Assim, tomando o mediterrâneo do séc. VII a.C numa perspectiva de globalização,


trata-se de um exercício metodológico pautado primeiramente pelo processo de integração
global do séc. XX e XXI, tomando os estados contemporâneos e suas instituições como ponto
de partida para questionar a Antiguidade. Pensar a espiritualidade do Mediterrâneo do séc.VII
a.C é perceber as continuidades míticas e cultos num período de fronteiras que ainda eram
frágeis o bastante para se apropriarem e ressignificarem cultos vizinhos, ou até mesmo mais
distantes. De modo que percebiam pela alteridade, pelo contato entre espiritualidades, trocas
e deslocamentos, aquilo que poderia ser incorporado às suas vivências e substratos familiares.

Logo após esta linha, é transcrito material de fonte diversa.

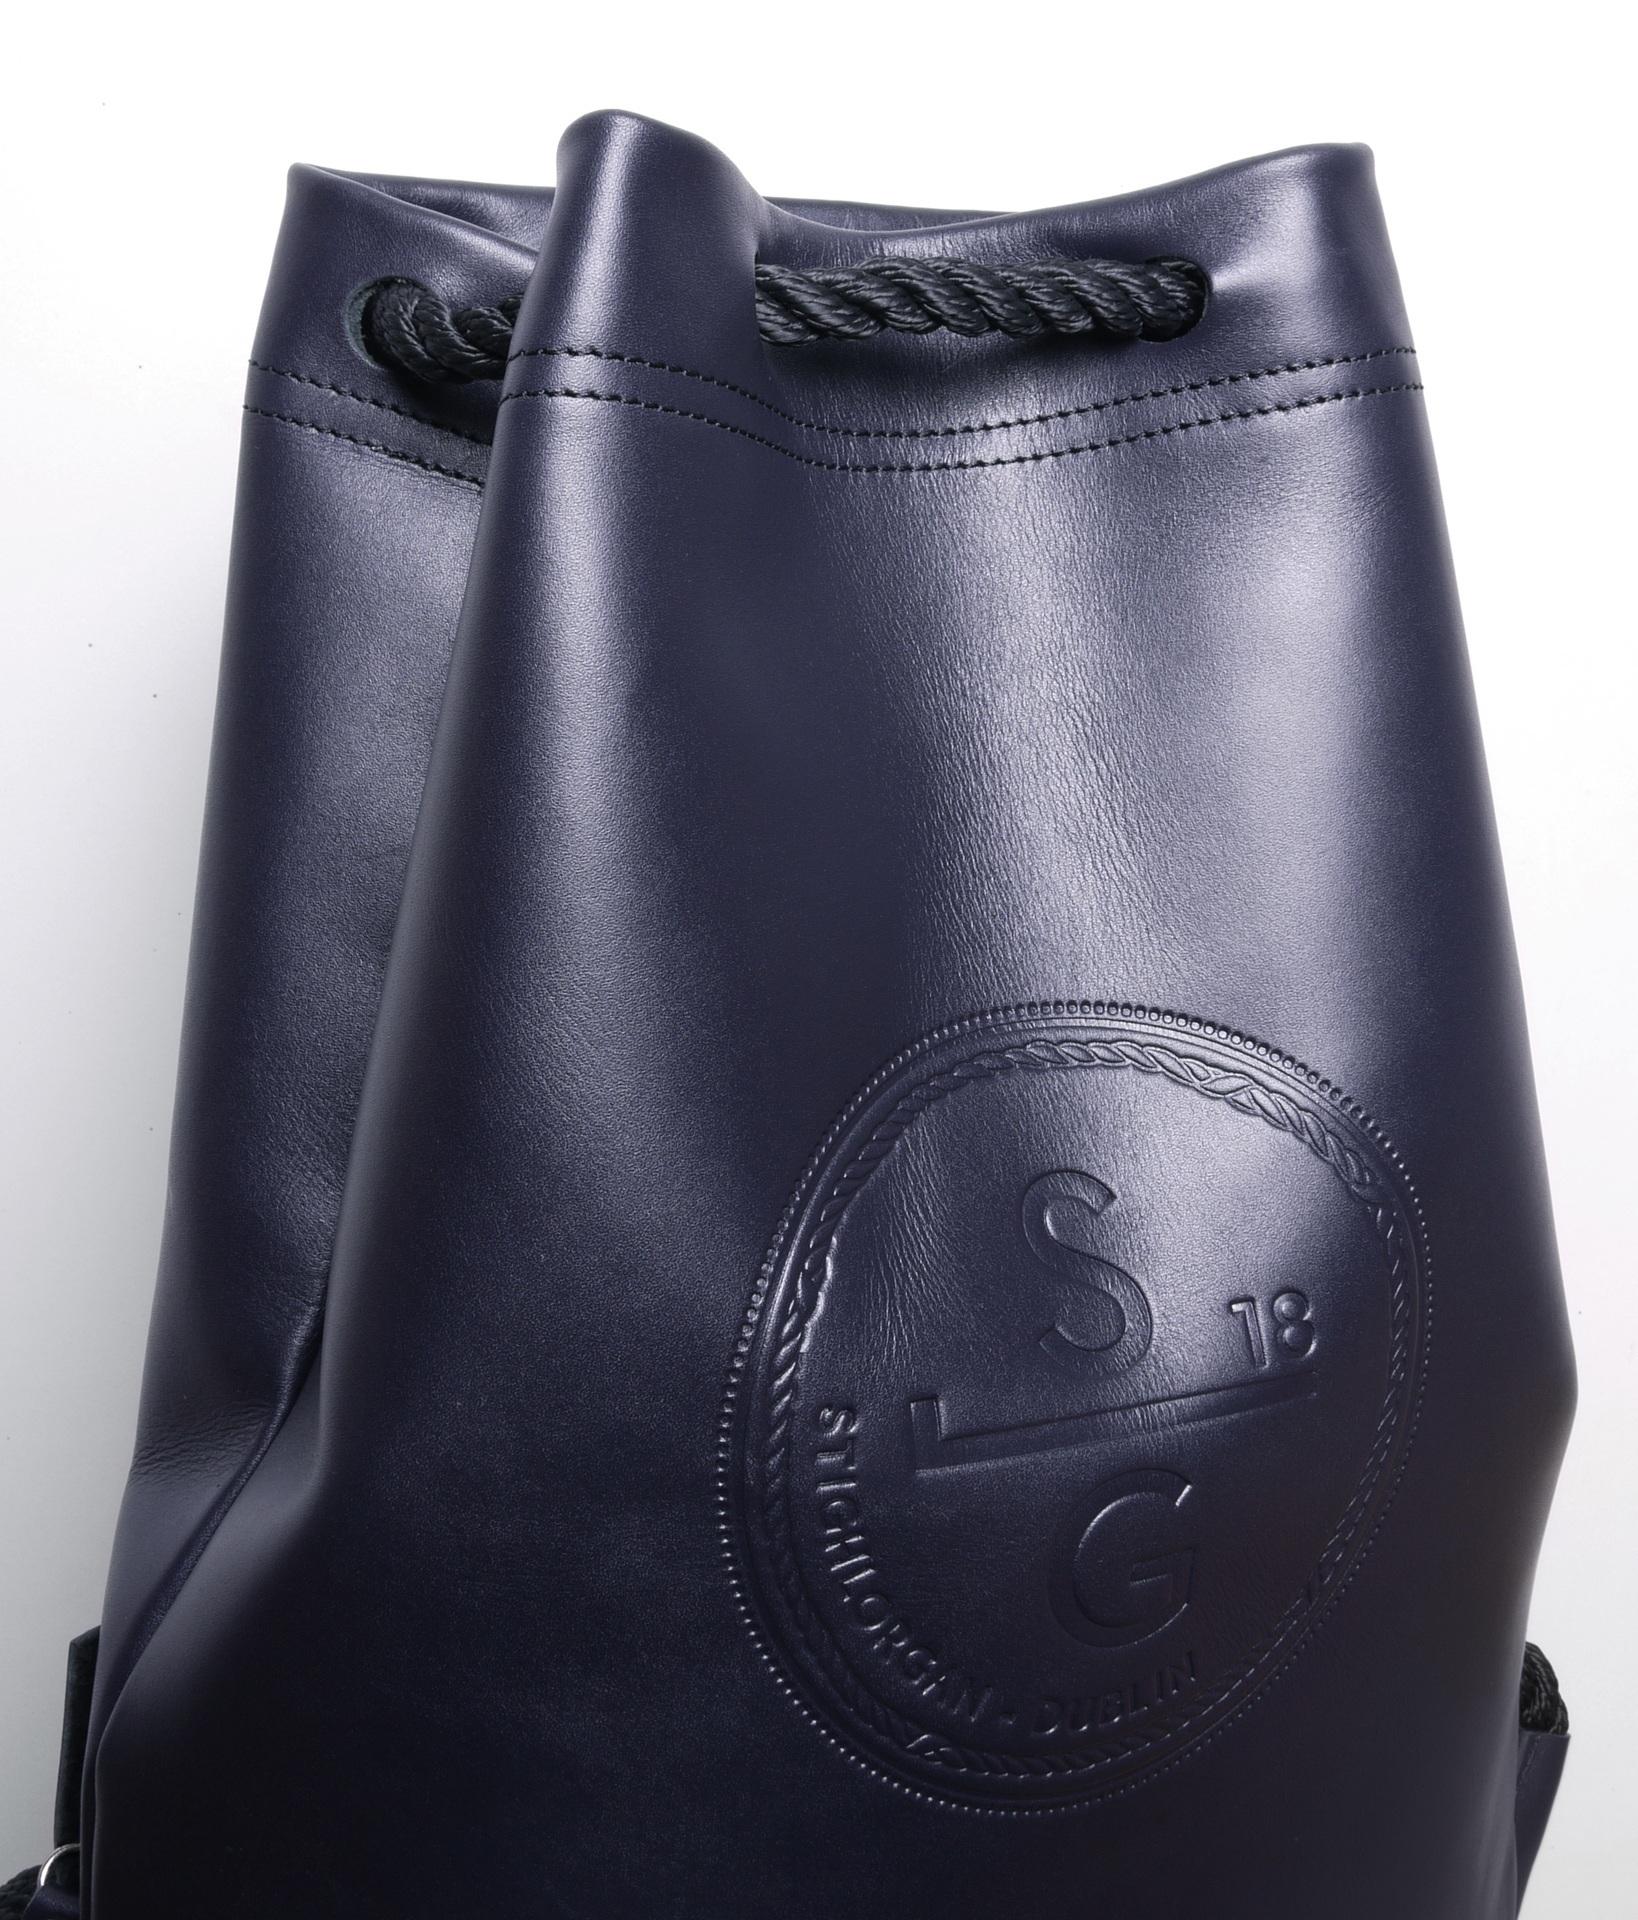 Stighlorgan - Driscoll leather drawstring bag - brown

Tomar as espiritualidades dos macedônios, lídios, cartagineses, etruscos, romanos e


atenienses permite perceber as gradações entre singularidades de culto e semelhanças, essas
últimas tributárias tanto de um intercâmbio pacífico, quanto pela guerra, pelos dominantes e
dominados e como passam a assimilar a noção de divino. Exercício frutuoso é perceber que
muito pouco era imposto em termos de culto religioso quanto imaginava-se, especialmente
quanto aos romanos e dos macedônios, dois impérios de proporções monumentais e de
extensão “global” para os padrões mentais e geográficos do período. Ao oferecerem liberdade
religiosa e de cultos, em troca de taxas e tributos, plantam a semente de uma dominação que
longe de ser impositiva e discricionária, cria uma hegemonia estabelecida sobre indivíduos
que não precisam jogar fora toda uma tradição familiar de cultos. No mais, não são estranhas
as fontes de época que ressaltam os benefícios de determinadas dominações, responsáveis por
avanços financeiros, urbanísticos e culturais, num interessante processo de assimilação do
novo e continuidades.

Pensar esses registros e vestígios da época seria pouco frutífero sem a ciência da
Arqueologia. Muito além de analisar registros de figuras importantes, de uma ínfima parcela
letrada e culta do mundo Helenístico, a partir da cerâmica, das esculturas e outros vestígios,
torna-se possível projetar novas conjectura sobre mentalidades, significados e semióticas
daquilo que realmente queria ser dito (e não dito) sobre o material produzido. As formas e
artes presentes nas diferentes cerâmicas, um material mais ou menos resistente que o outro e
suas localidades possibilita delimitar melhor alguns grupos sociais, quais teriam menos ou
mais posses em relação à outros.

Na mesma toada, pensar nos vestígios materiais é pensar também por uma lógica de
materialismo histórico, nas relações materiais que se fazem entre os diferentes povoamentos e
seus núcleos. O arqueólogo Roger G. Collinwood chama atenção para a importância de os
vestígios materiais constituírem parte essencial do raciocínio subjetivo do historiador, que
pode traçar mentalidades e relações de dominação por entre as linhas frágeis de um vaso,
moedas e ferramentas agrícolas. De modo que entre exploradores e explorados do séc. VII
a.C, as continuidades culturais e tecnológicas aumentam progressivamente conforme os
elementos “médios” passam a ganhar espaço e ameaçar a rigidez das hierarquias
genealógicas: mercadores, médios proprietários rurais, guerreiros e outros substratos sociais.

Em suma, a abordagem de pensadores marxistas como Ste. Crox, Carandini e


especialmente Moses Finley é essencial para pensar nas continuidades por uma perspectiva
materialista histórica, até mesmo no campo tão subjetivo das religiosidades e dos cultos
presentes no mediterrâneo. Ao ampliar as fronteiras epistemológicas, mentalidades e
maneiras de sentir o divino no cotidiano helenístico podem ser projetadas até mesmo para a
Baixa Idade Média (ou Antiguidade Tardia, segundo Peter Brown). Pensar na religiosidade
mediterrânea do séc.VII a.C é pensar num contexto de “globalização” de um mundo ainda
não globalizado como conhecemos, mas que dava espaço amplo para trocas e
ressignificações espirituais, mercadoria subjetiva e epistemológica da qual os navios e portos
trocavam em grandes quantidades.

REFERÊNCIAS

KOSELLECK, Reinhart. Uma história dos conceitos: problemas teóricos e práticos.


Estudos Históricos, Rio de Janeiro, v.5, n°. 10, 1992

GUARINELLO, Norberto Luiz. História Antiga. Ed. Contexto, São Paulo, 174p, 2013

FUNARI, Pedro Paulo. Os historiadores e a cultura material. In: PINSKY, Carla Bassanezi
(Org.). Fontes Históricas. 2.e.d., 2ª reimpressão. São Paulo: Contexto, 2010.